Esse processo de digitalização da operação industrial inaugurou uma nova lógica de produção: a união do conceito de internet das coisas (IoT) com a automatização industrial gera inteligência à manufatura e um universo de possibilidades para diferentes fabricantes. Como a customização, em que cada produto é único na linha de produção. Um exemplo? Um automóvel, a partir da própria linha de montagem, já teria um dono, pois as máquinas podem receber o pedido e fazer as customizações necessárias.
Embora as inovações tecnológicas estejam no centro do que faz a tão revolucionária indústria 4.0, as pessoas permanecem sendo um componente fundamental do sucesso dos negócios de qualquer empresa.
Nesse cenário, porém, o perfil da mão de obra deve mudar totalmente, pois, para trabalhar no futuro, o indivíduo terá de desenvolver habilidades técnicas e interpessoais bem específicas, como formação multidisciplinar, capacidade de adaptação, senso de urgência e bom relacionamento.
“As indústrias continuarão precisando de gente com formação específica, mas eles terão de lidar cada vez mais com áreas sobre as quais não estudaram na faculdade.
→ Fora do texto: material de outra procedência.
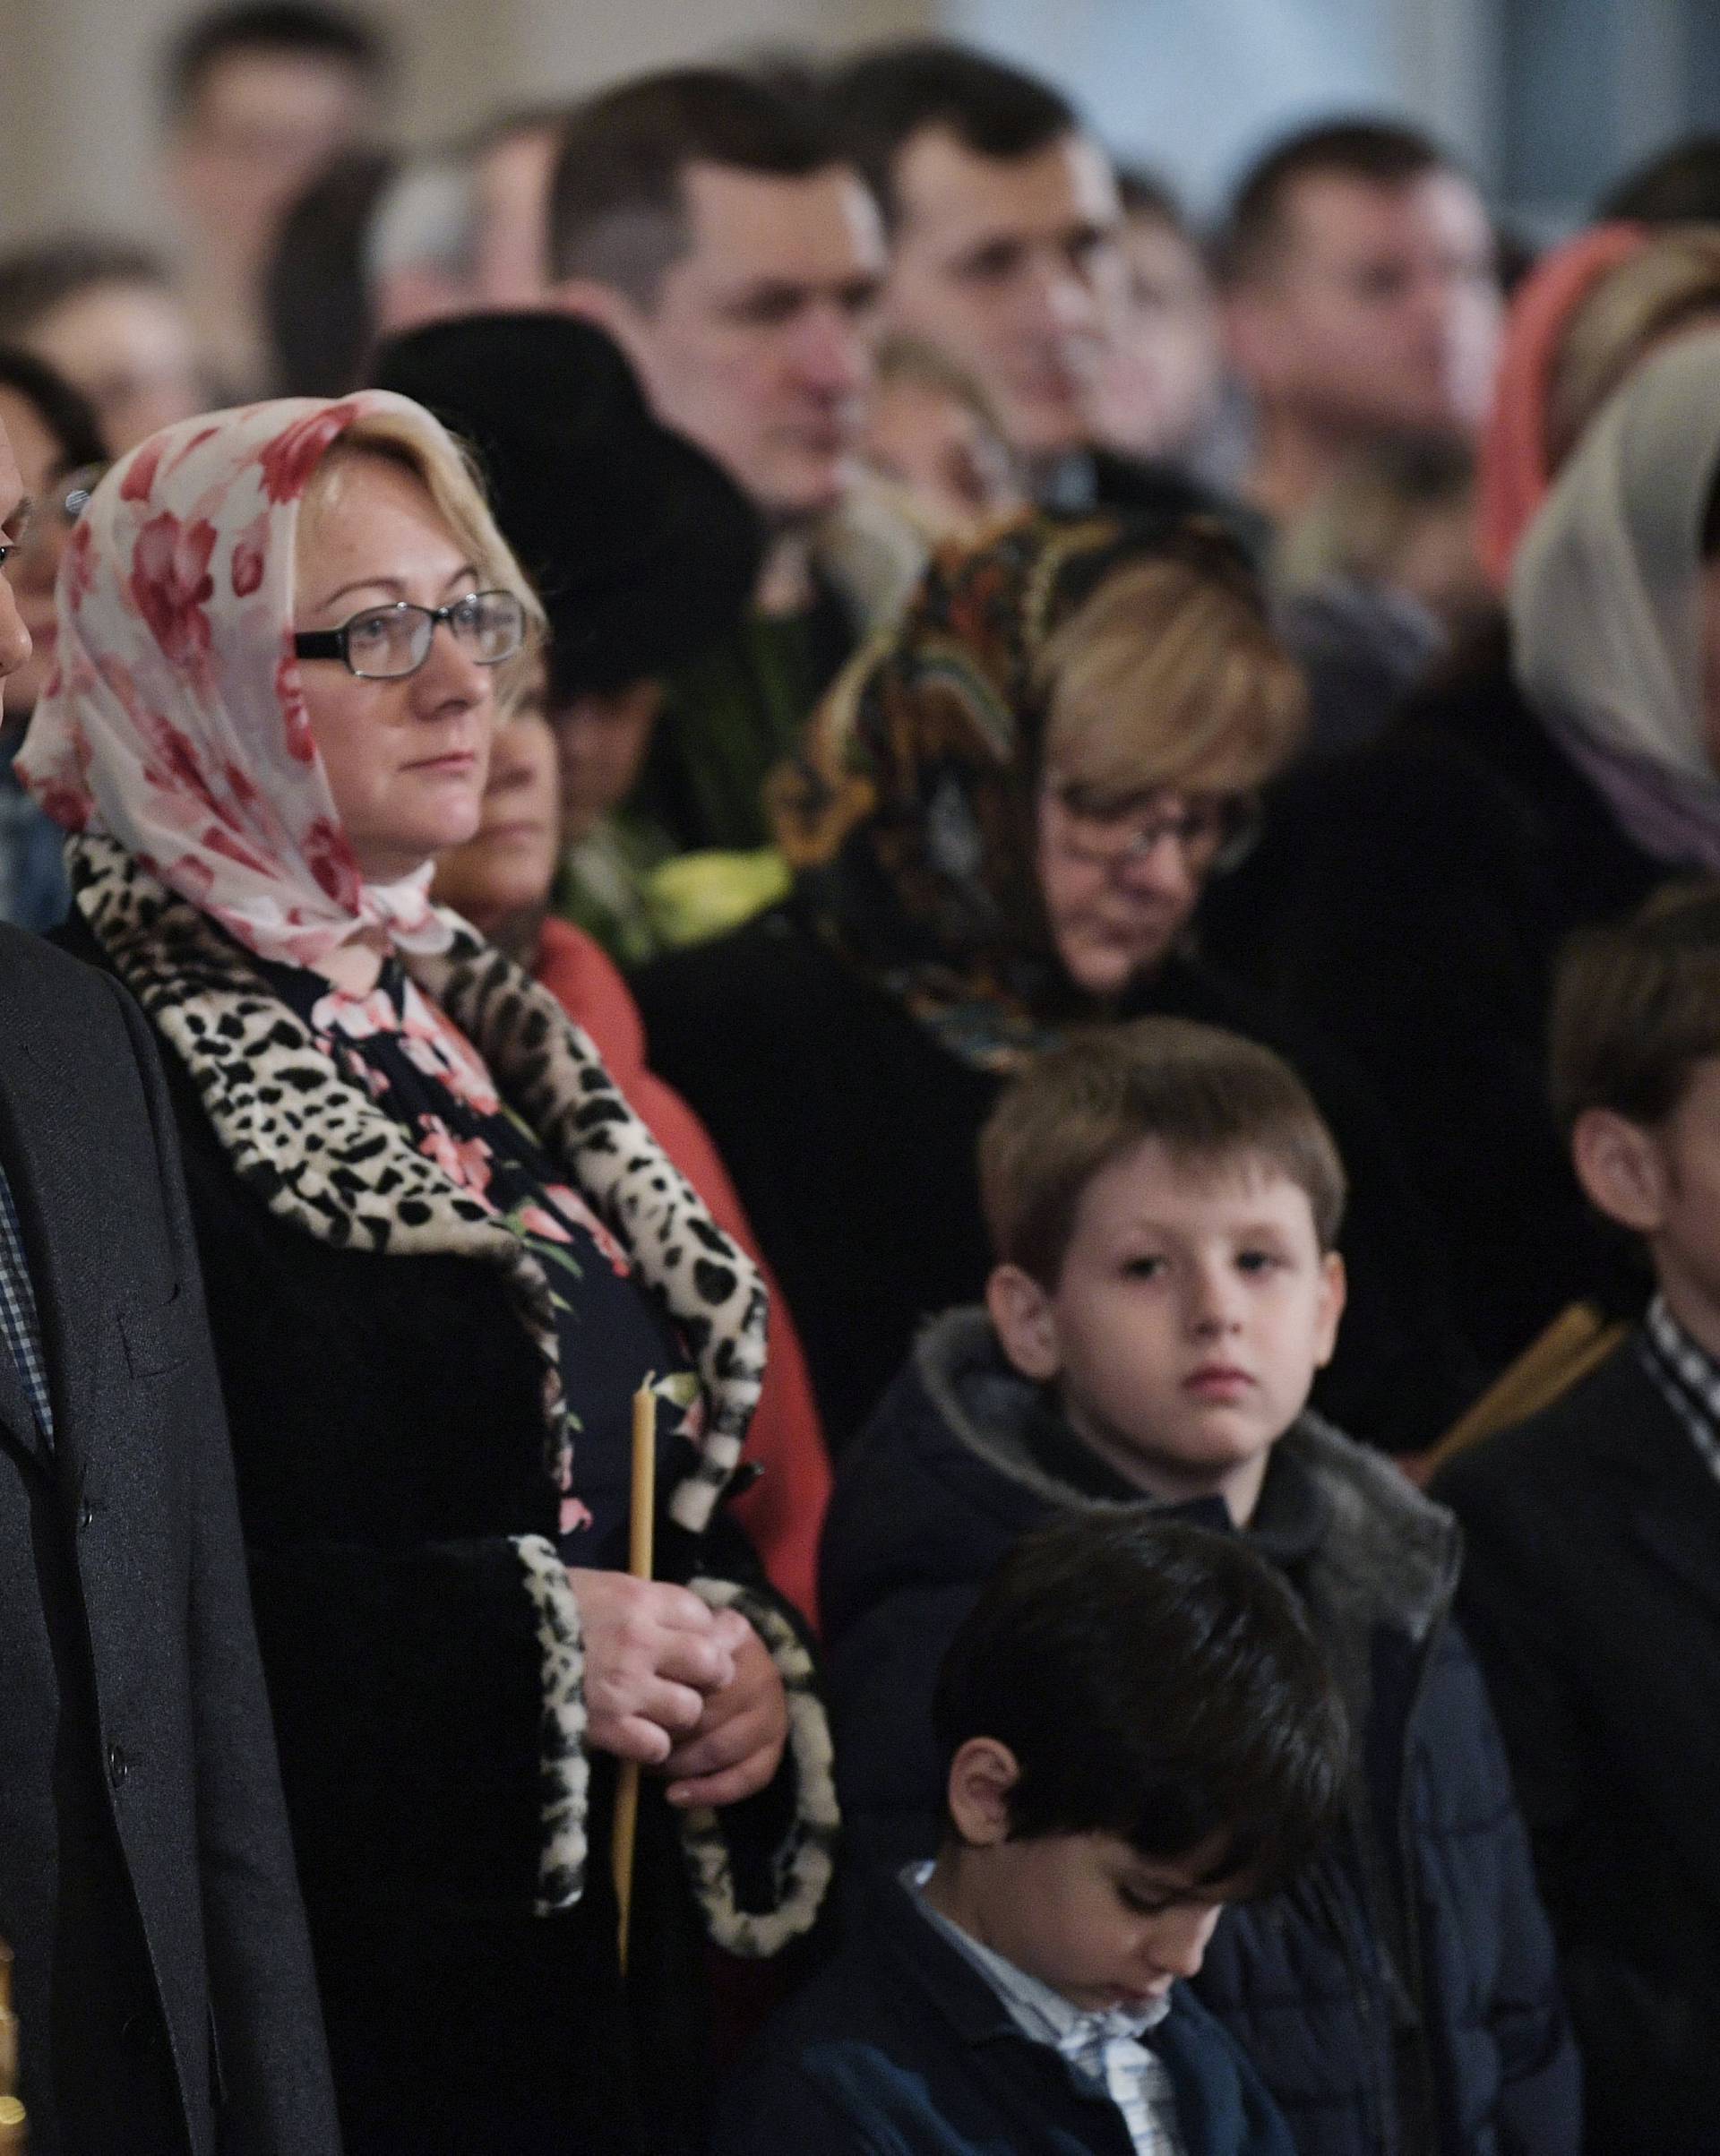 Russian President Vladimir Putin attends a service on Orthodox Christmas at the Church of Saints Simeon and Anna in St. Petersburg

Além disso, a forma do trabalho passará por uma transformação”, diz o consultor Cezar Taurion, da consultoria Litteris Consulting, especializada em tecnologia da informação e transformação digital.
Essa mudança exigirá dos profissionais, que trabalhando a distância, disciplina, organização e discernimento para entender os limites entre o que é urgente e o que não é.
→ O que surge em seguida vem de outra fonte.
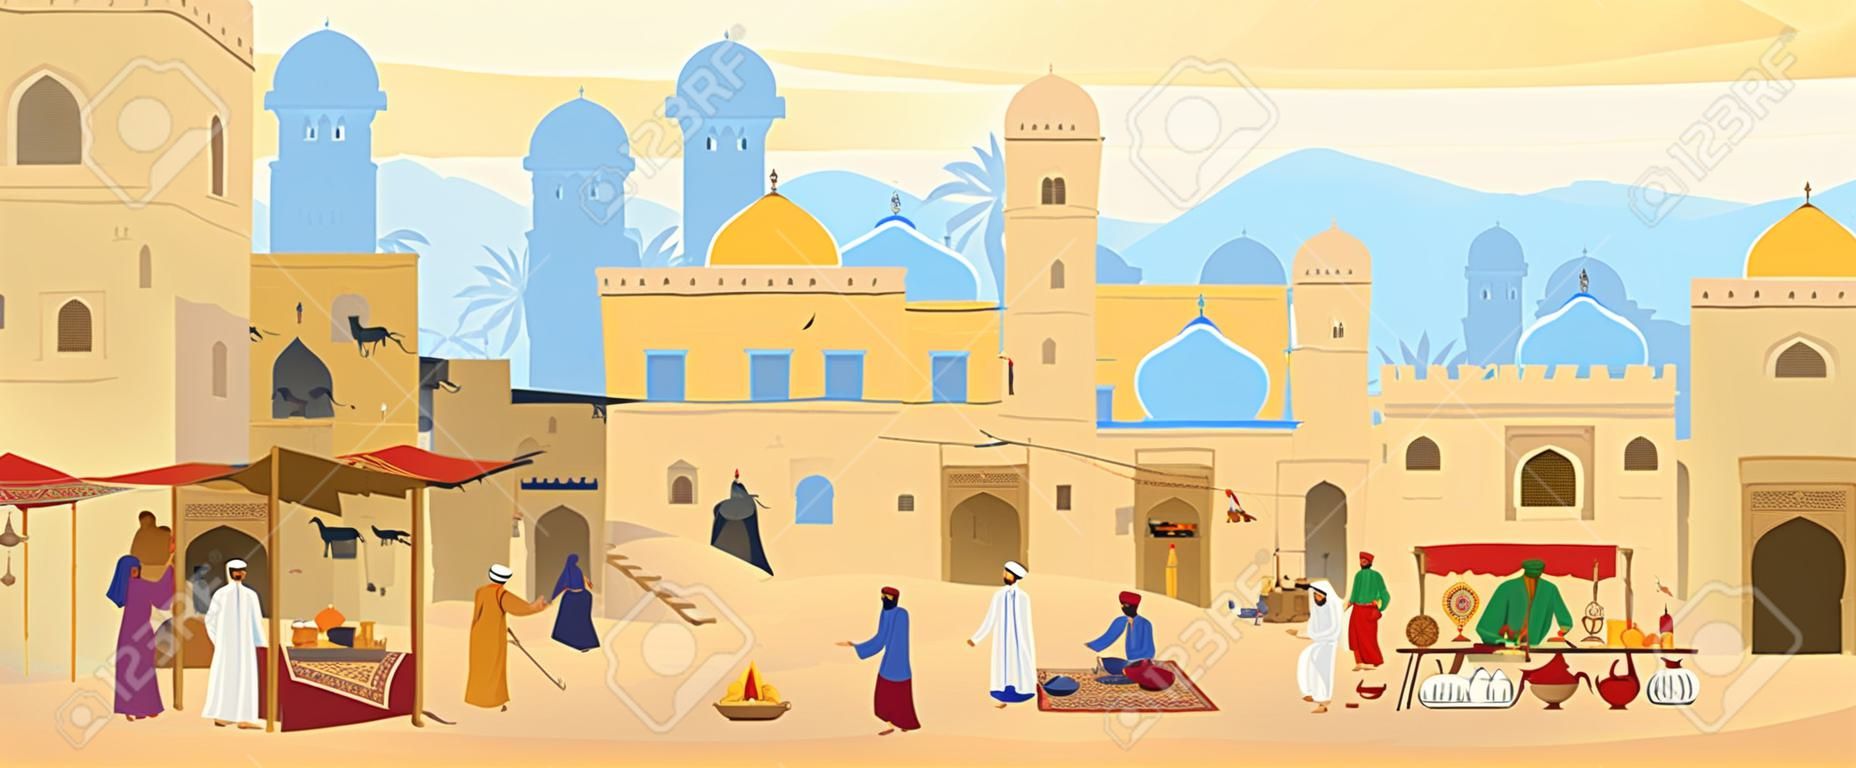 Vector Flat illustration of Middle Eastern Town. Arabic desert landscape with traditional mud brick houses and people. Street Bazaar With Carpets, ceramics, fruits, spices. islamic architecture.

As transformações da quarta revolução industrial vão atingir todos os aspectos da nossa vida, e a educação será um deles. A escola vai precisar incentivar uma nova cultura voltada para a inovação, a invenção, o pensamento crítico, a criatividade, a cooperação e a resolução de problemas, entre outras competências, para enquadrar-se nesse novo modelo de educação, que vai exigir novas práticas pedagógicas.
E a customização é também uma das mais importantes “sacadas” da educação 4.0. Assim como o desenvolvimento da inteligência artificial (IA) – ramo da ciência da computação voltado a criar dispositivos capazes de sensibilizar (mas não substituir) a capacidade humana de raciocinar, tomar decisões e solucionar problemas. Aplicativos de aprendizado inteligente usarão inteligência artificial para analisar determinado aluno e adaptarão a entrega de informações e avaliações com base em suas características, incentivando o trabalho autônomo e colaborativo.
O nó górdio da educação 4.0 será, sem dúvida, menos o aparato tecnológico que as escolas possam oferecer, embora eles sejam necessários, e mais o professor – que, ao contrário do que se possa pensar, não irá desaparecer ou ter sua importância diminuída.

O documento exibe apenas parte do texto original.